Ferrari F12tdf: the F12 Berlinetta gone bonkers
The F12 Speciale we were waiting for is called the Ferrari F12tdf in homage to legendary Tour de France endurance car race of the 1950s
A lightweight Ferrari F12 Speciale always seemed a possibility, even though the mind-blowing performance served up by the standard car scarcely warranted it. The Ferrari F12tdf (Tour de France) is that car, a searing hardcore supercar named in homage to the endurance road race that Ferrari dominated in the 1950s and 60s.
The F12tdf uses the existing naturally aspirated 6.3-litre V12 as the standard Ferrari F12 Berlinetta, albeit with power uprated from 731bhp to 769bhp. That shaves two tenths of a second off the standard F12’s 0-62mph time (now 2.9 seconds), while Ferrari claims a top speed ‘in excess of 211mph’.
Peak torque is up 15Nm to 705Nm, and is available from 6,750rpm.

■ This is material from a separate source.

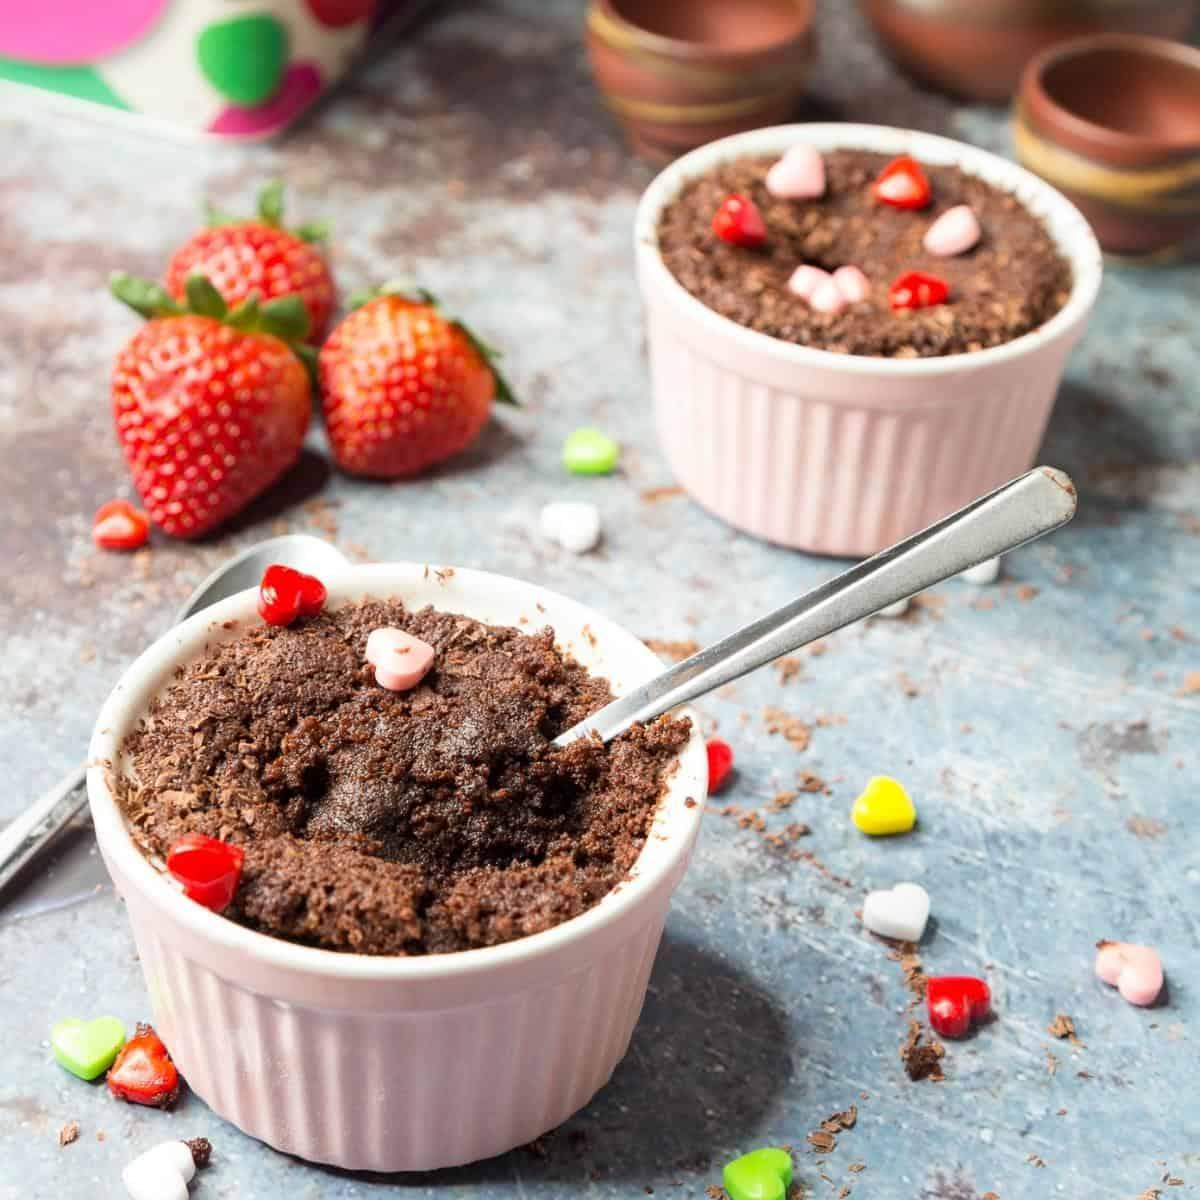 Two ramekins with chocolate fudge cake

Impressively though, 80 per cent of this is available from just 2,500rpm – with the F12tdf redlining at 8,900rpm.
Not only can it accelerate as fast as a LaFerrari, it’ll stop as quickly, too. The one-piece brake callipers have been lifted from the £1m hypercar, and can stop the tdf from 124mph in just 121m.
The gearbox has been tweaked to make the ratios six per cent shorter and 30 per cent faster on the upshift. Downshifts are also quicker, with response rates improved by 40 per cent.
In terms of technical innovations, Ferrari engineers have installed a rear-wheel steering system to compensate the car’s natural tendency to oversteer. Known as the Virtual Short Wheelbase, it is integrated with the other vehicle control systems, which improves steering response and high-speed stability.
It’s 110kg lighter than the standard F12 thanks to a radical redesign of the body and extensive use of carbon fibre. From the front the F12tdf gets a lower, wider stance and sharp front splitter, as well as fins in the bumper and bonnet. There are slats in the rear haunches, too, helping double the car’s aerodynamic efficiency over the standard car.
The rear spoiler is now 60mm longer and 30mm higher, while the rear screen is more steeply raked. It now generates 230kg of downforce at 124mph – 107kg more than before. At the rear, there’s an active diffuser, with the same centrally-mounted foglight – inspired by the company’s F1 car.
Just 799 will be built, but prices have not yet been announced. That said, we’d expect a premium of at least £30,000 – meaning a price tag in the region of £275,000 seems likely. As ever, a few choice options could send this spiralling, well past the £300,000 mark.